Finalmente il secondo capitolo della Trilogia di Magdeburg.
Già dalle prime battute si è ricrea il legame con l’Eretico: l’ambiente, i personaggi, le chiavi di lettura, lo stile appartengono profondamente alla scelta stilistica creata per il primo episodio. Non pare nemmeno di aver staccato rispetto al romanzo precedente, la continuità è un dato di fatto.

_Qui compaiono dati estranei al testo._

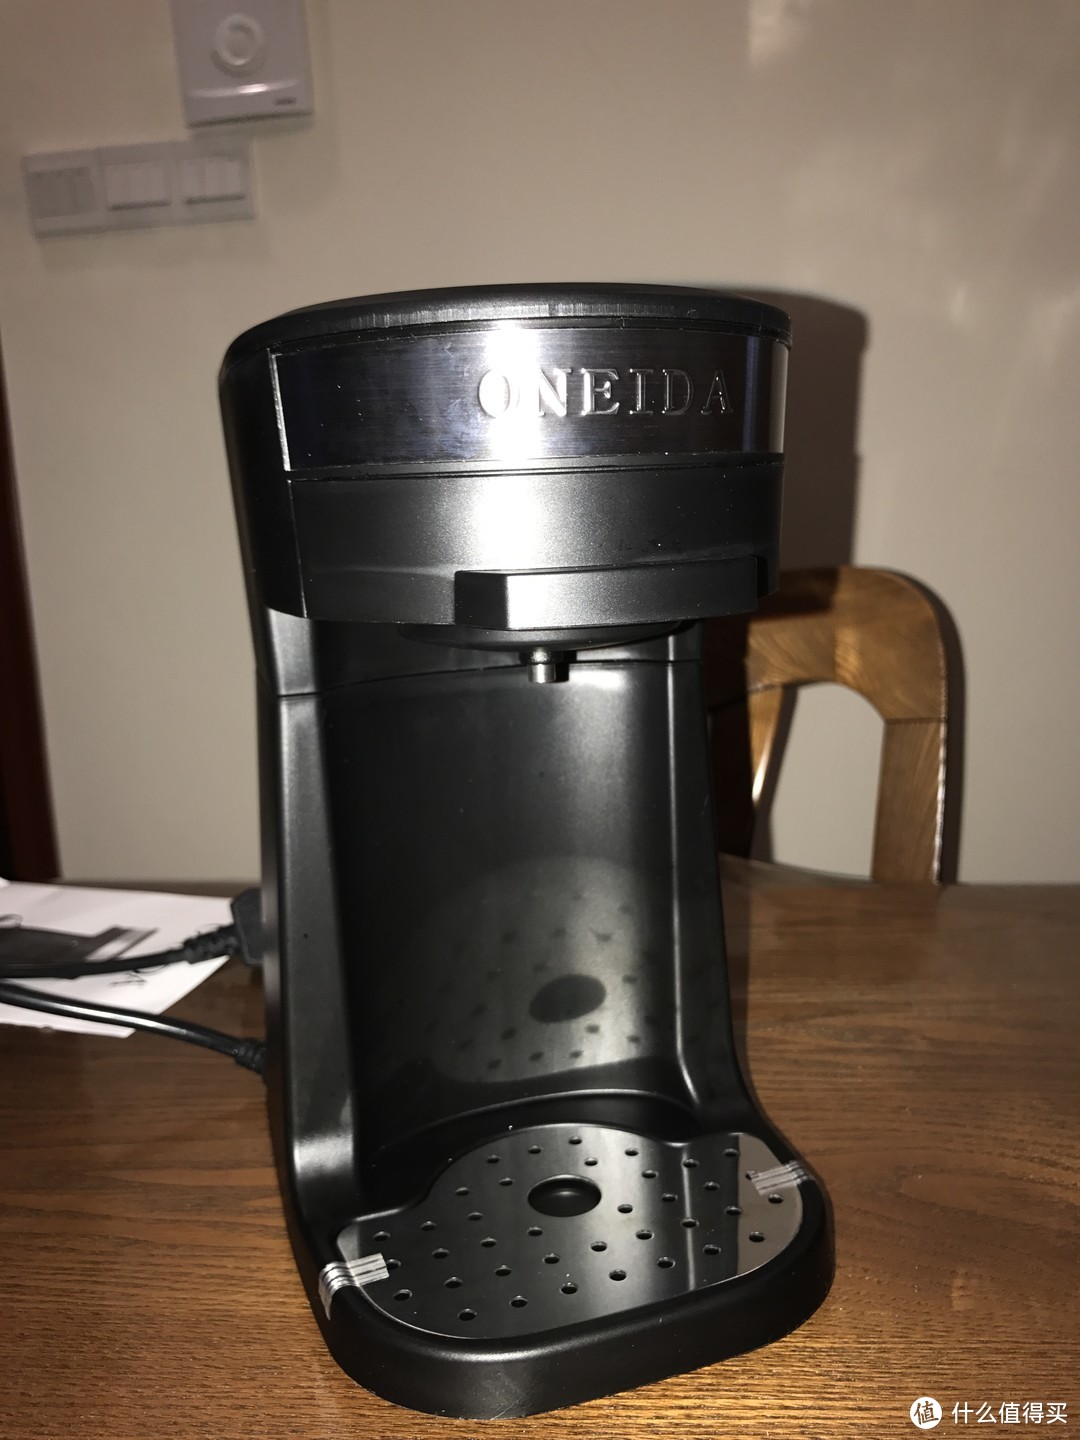 ONEIDA N1多功能懒人咖啡机

Nello stesso tempo però si affaccia una sorta di “variazione cromatica”, variazione che si potrebbe definire orientale: tanto il primo romanzo della trilogia era connotato al rosso e all’antracite - molto sangue, un paesaggio bruciato e invaso dalla cenere: un paesaggio per certi aspetti “sporco” – tanto La Furia vira al bianco, il colore del lutto della terra dei morti: il biancore della neve, il biancore delle ossa che spuntano dalla radura, ed intorno un colore scuro, indefinibile ma netto.
Colori primari.
La situazione diviene più rarefatta, più aerea: lo sfondo è territorio di ombre e demoni, ma sono molti i termini che imprimono un’impressione di assenza di peso, soprattutto nella prima parte.

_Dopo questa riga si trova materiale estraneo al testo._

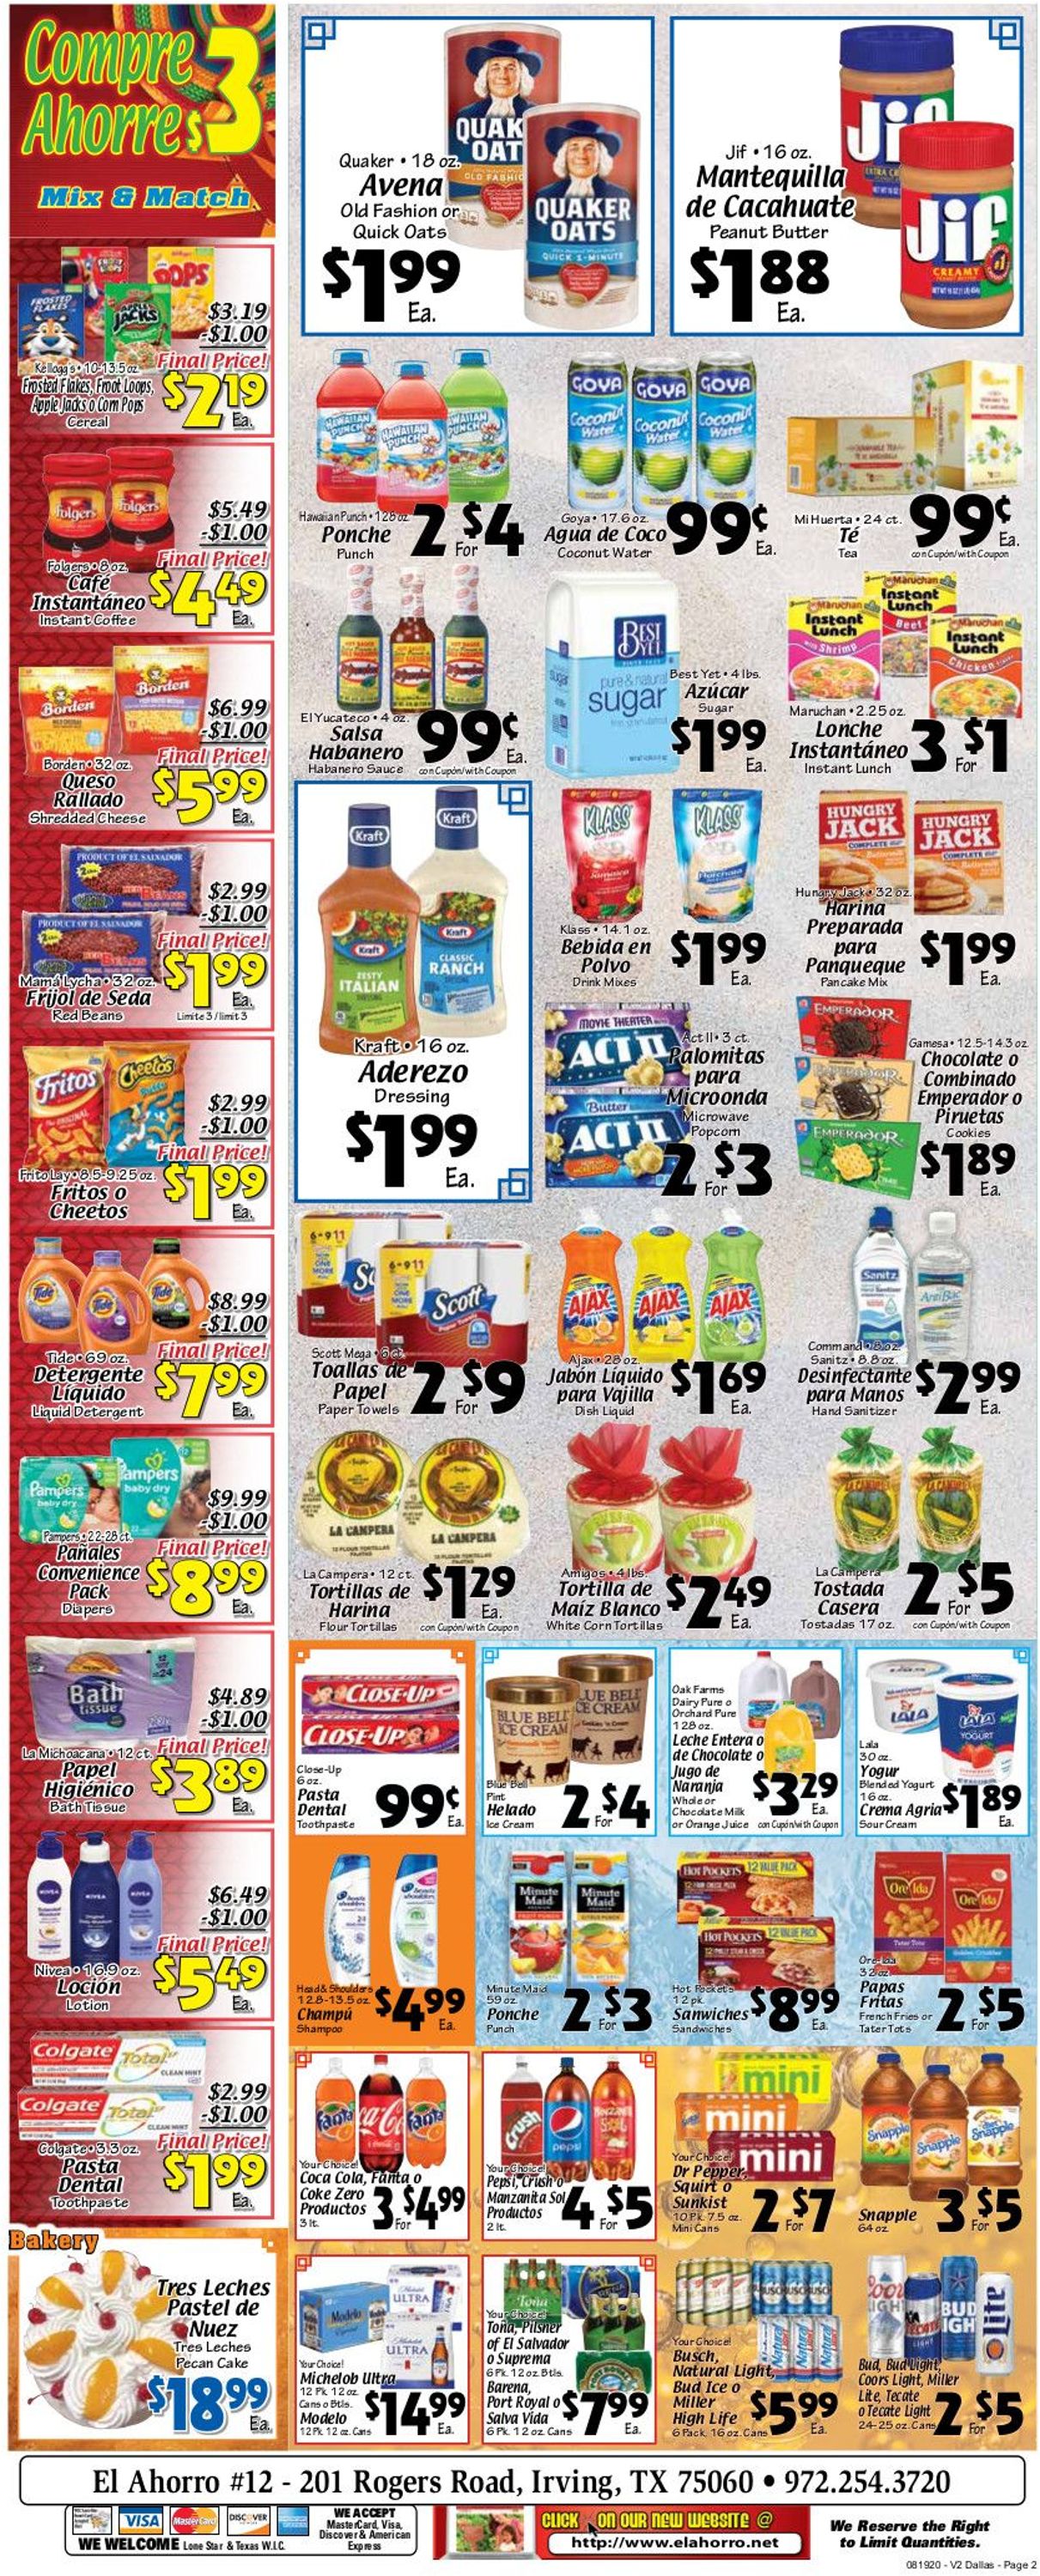 El Ahorro Supermarket Current weekly ad 08/19 - 08/25/2020 ...

Anche quando arriva il sangue, e ne arriva parecchio, il testo mantiene ben salda la coerenza dello stile.
E’ una scrittura più sensoriale, di impatto molto forte e minimalista.
Per tutta la prima parte del romanzo crea l’aspettativa per l’incontro – che si avverte inevitabile – tra l’Eretico e il Principe.
Dal momento dell’incontro tra Wulfgar e Dekken ha inizio un mutamento della narrazione, al primo impatto sconcertante.
E’ come se da quel momento in poi si introducesse una nota stonata, una sorta di incoerenza, di volgarità nel comportamento dei “portatori dei simboli” che, fuggiti ognuno da qualcosa, tornano “dentro”. Stark, Mikla, Klein tornano a ciò da cui sono fuggiti: solo verso la fine, solo quando il progetto di onnipotenza di Dekken pare sfaldarsi si inizia a intuire che potrebbe esservi una sorta di disegno che deve andare a compiersi, che gli equilibri verranno ristabiliti, prende corpo l’idea che forme contengano altre forme: che si tratta insomma di una specie di viaggio al termine della notte per il quale si deve attendere un’altra puntata.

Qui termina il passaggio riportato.